4. Оскар Лещинский, когда я с ним познакомилась, входил в Парижскую группу большевиков. Стройный, белокурый, очень подвижный, с приятным одухотворенным лицом, он мне напоминал тех юношей из-за Невской заставы, с которыми я работала последние два года. Лещинский только недавно приехал в Париж, бежав из тюрьмы, как и многие другие товарищи. Потом я узнала, что он пишет стихи, хочет стать художником. Где-то на юге России жили его родители, но, по-видимому, небогатые, так как он не получал никаких средств из дома и сразу стал нуждаться. С каждым собранием, на котором мы встречались, Оскар казался мне все более нервным, и его узкое выразительное лицо становилось угловатее и прозрачнее. Он, по-видимому, жестоко голодал, но все же аккуратно приходил на очередные встречи, а для этого нужно было заплатить 30 сантимов за обязательный напиток (пиво, черный кофе). На таком условии хозяин кафе на Авеню де Гобелен соглашался сдавать зал для собрания.
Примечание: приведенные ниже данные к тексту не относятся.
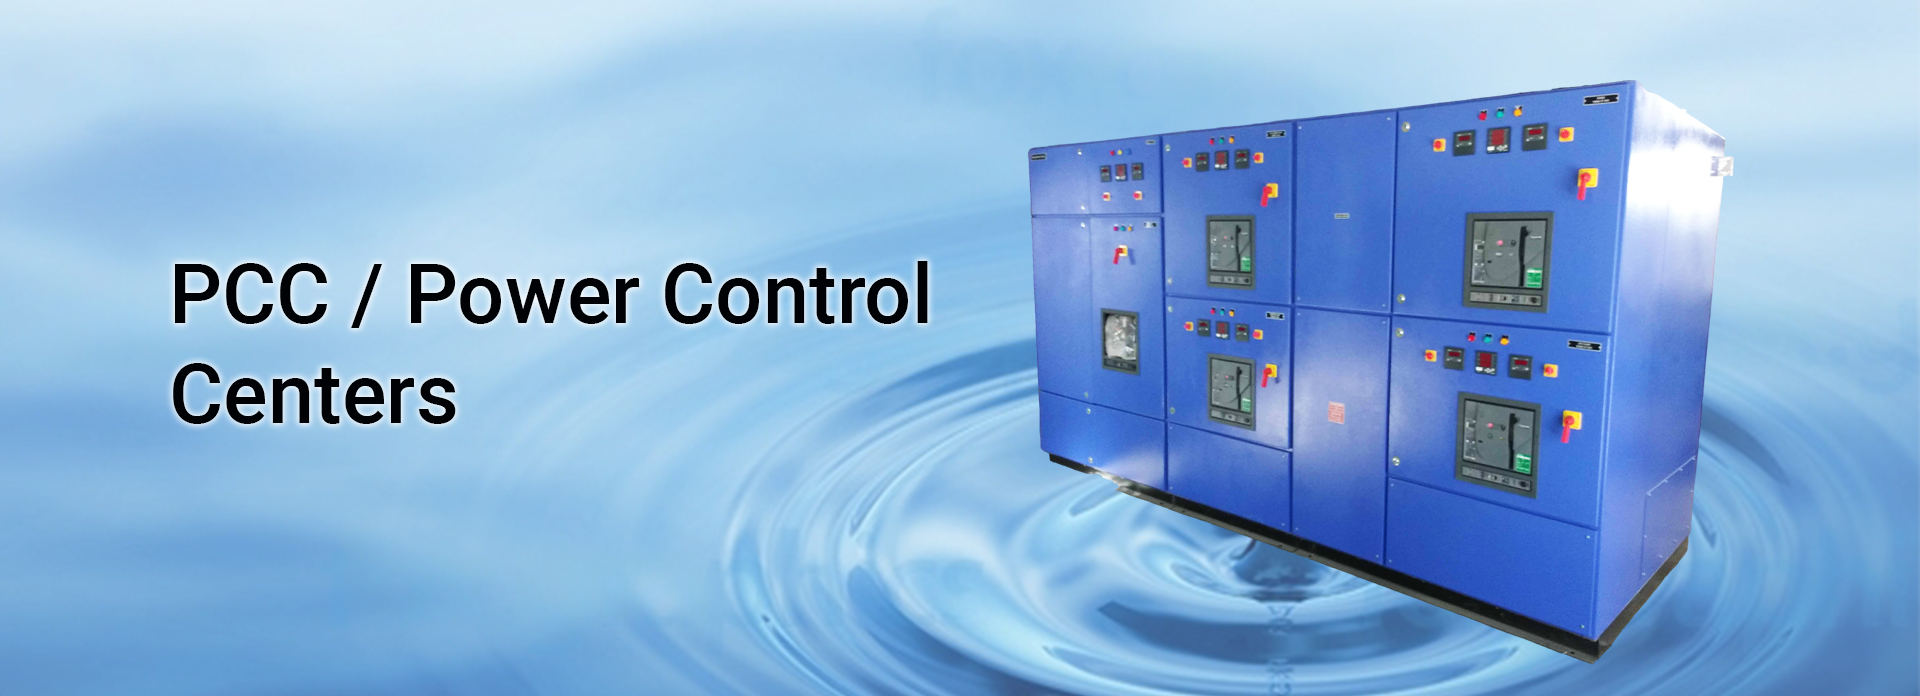 PCC / Power Control Centers

Наша группа увеличивалась день ото дня — за счет беглецов из царских тюрем, и если в начале осени приезжали интеллигенты, надеющиеся поступить в учебные заведения, то зимой в Париж нахлынули рабочие из Средней России, с Волги, с Украины… Трудно жилось этим пролетариям в Париже. Те, кого голод заставлял согласиться на любой труд, хватались за любую работу, даже за такую тяжелую и беспросветную: по 14 часов в сутки мыть грязную посуду, не вынимая рук из горячей воды, пропитанной помоями (мужчин-судомоек называли «ныряльщиками»), — и в конце концов деквалифицировались. В январе 1909 года я не видела Лещинского ни на одном собрании группы — мне объяснили, что Оскар поступил «ныряльщиком» в большой дешевый ресторан на Бульварах и работает в вечерние часы. С этих пор я долго не встречала Оскара и не знала о его судьбе.
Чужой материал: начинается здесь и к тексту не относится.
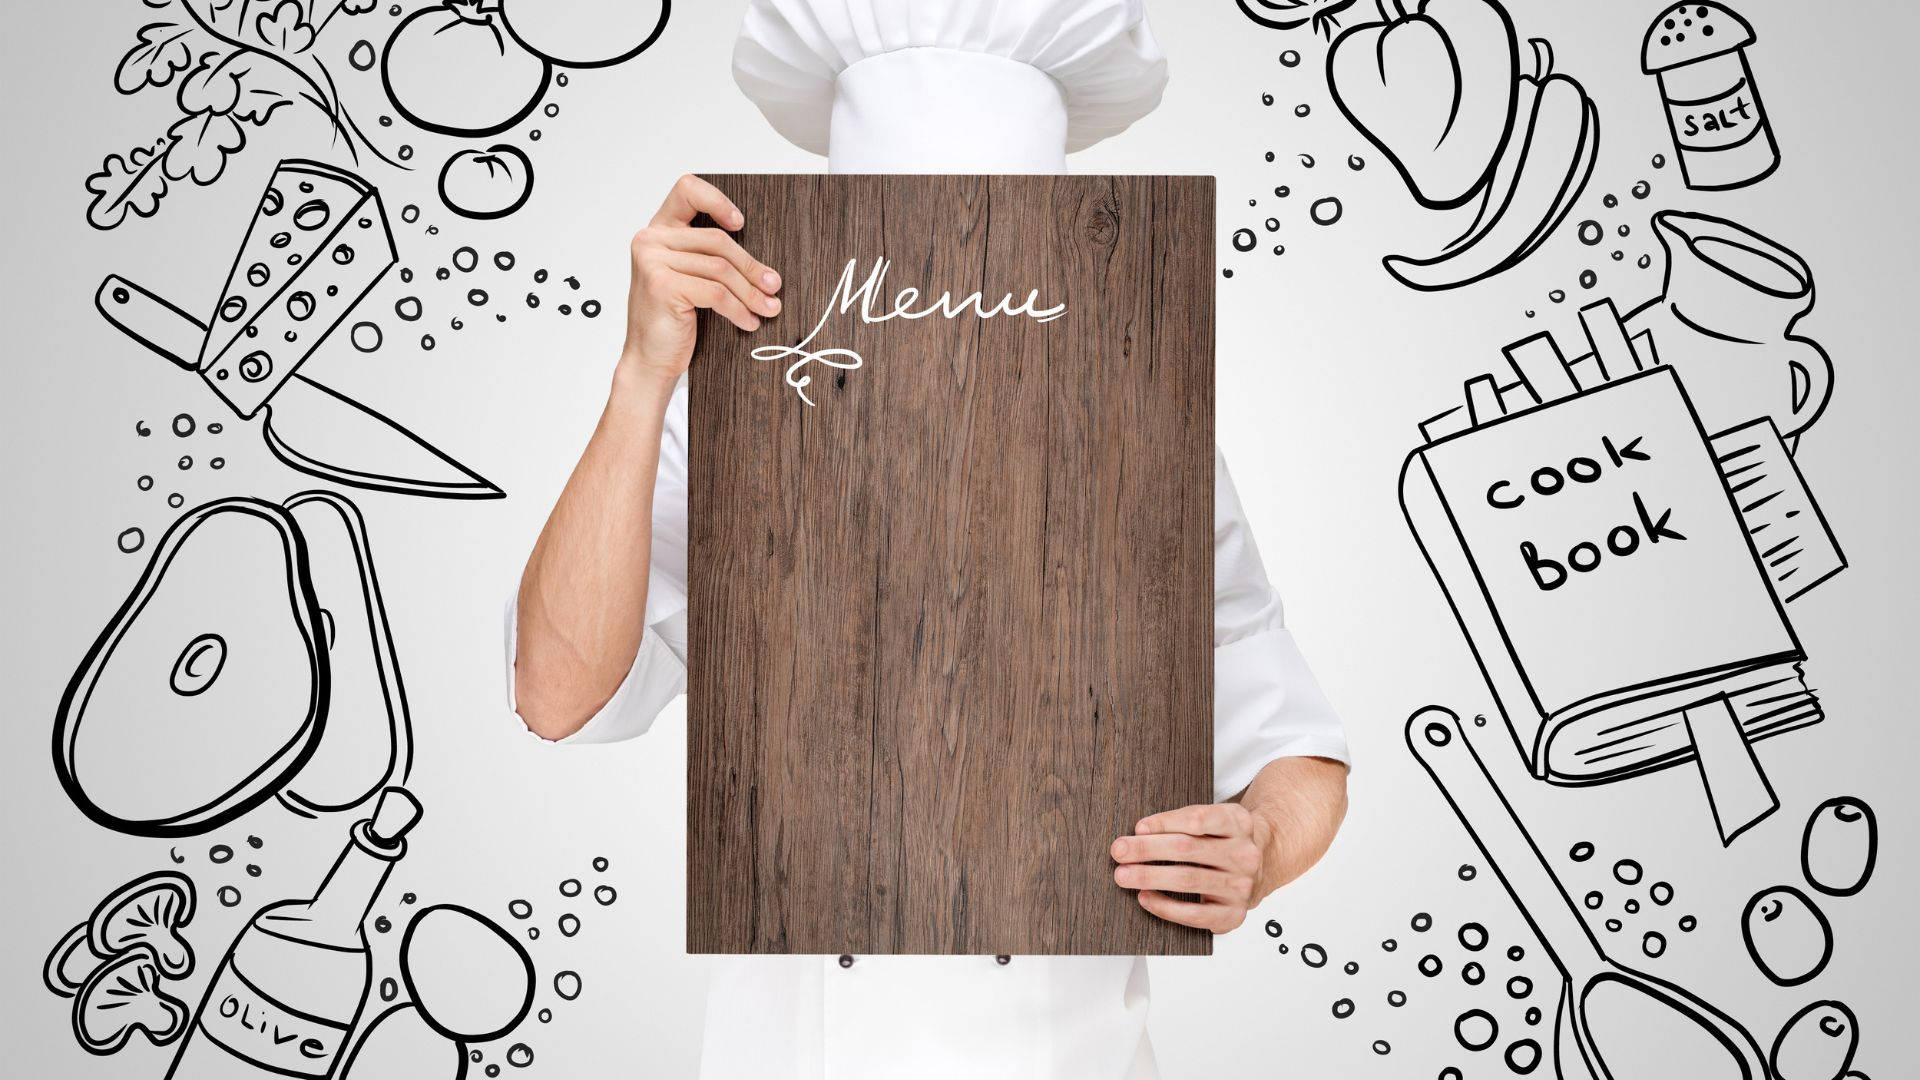 Menu Blank Food Chef's Food Board Wallpaper

Социалистическая партия Франции жила собственной жизнью, и мы фактически не принимали в ней участия. Но иногда, время от времени, в мире разражались международные события, и тогда отдельные стороны и явления жизни народа Франции — парламентские прения, крупная стачка или воспоминания о значительном историческом событии — внезапно начинали звучать на весь мир. Тогда рабочие парижских предместий выплескивались на улицу — среди них были и русские революционные рабочие, нашедшие приют во Франции и прошедшие там «университеты классовой борьбы». Предполагаю, что и Оскар Лещинский прошел через эту учебу. Начав с работы «ныряльщика» в дешевом ресторане и расклейщика афиш и продавца газет, он нашел прямой путь к распространителю партийной прессы.

Весной 1911 года я узнала от Нади Островской, что Оскар Лещинский (был арестован 18 марта на улице. В тот день отмечалось сорокалетие Парижской коммуны. Был организован поход рабочих на кладбище Пер-Лашез, к месту расстрела коммунаров. Русские революционеры и социал-демократы, эсеры и анархисты приняли участие в демонстрации. В кафе де Гобелен состоялась лекция А.В. Луначарского о Парижской коммуне. На лекции я была, но на демонстрацию пойти поленилась. Надя рассказывала, что во главе демонстрации шли члены центрального комитета Социалистической партии Франции. Впереди колонны мужчины несли знамена. Март в Париже — теплый, солнце сияло и грело. Было воскресенье, и, подходя к кладбищу, затянули «Интернационал» — песню про коммунаров. Надя шла в одном ряду с Оскаром. Рядом была женщина с девочкой, которую она держала за руку. Оскар всю дорогу шутил с девочкой, хотел взять ее на руки, когда подходили к кладбищу и девочка устала. Но тут ажаны (полицейские) у входа на кладбище напали на демонстрацию сбоку, сталкивая людей с мостовой на панель. Девочка заплакала, и в этот момент в давке ее сбили с ног. Ажаны выхватывали людей из толпы и волокли в тюремные фургоны (у нас их звали «черными воронами», а французы именуют «мешком для салата»). Надя прижалась к стене кладбища, а оказавшего сопротивление Оскара ажаны потащили в «мешок для салата», его судили и приговорили к трем месяцам заключения в тюрьме Сантэ. В тюрьме он писал свои первые стихи… Месяцы тюрьмы ожесточили Оскара, усилив его революционный дух, выдохшийся было под влиянием богемной жизни. Выйдя из тюрьмы, он стал одним из слушателей школы Ленина в Лонжюмо. Но стихи он писал и потом[221].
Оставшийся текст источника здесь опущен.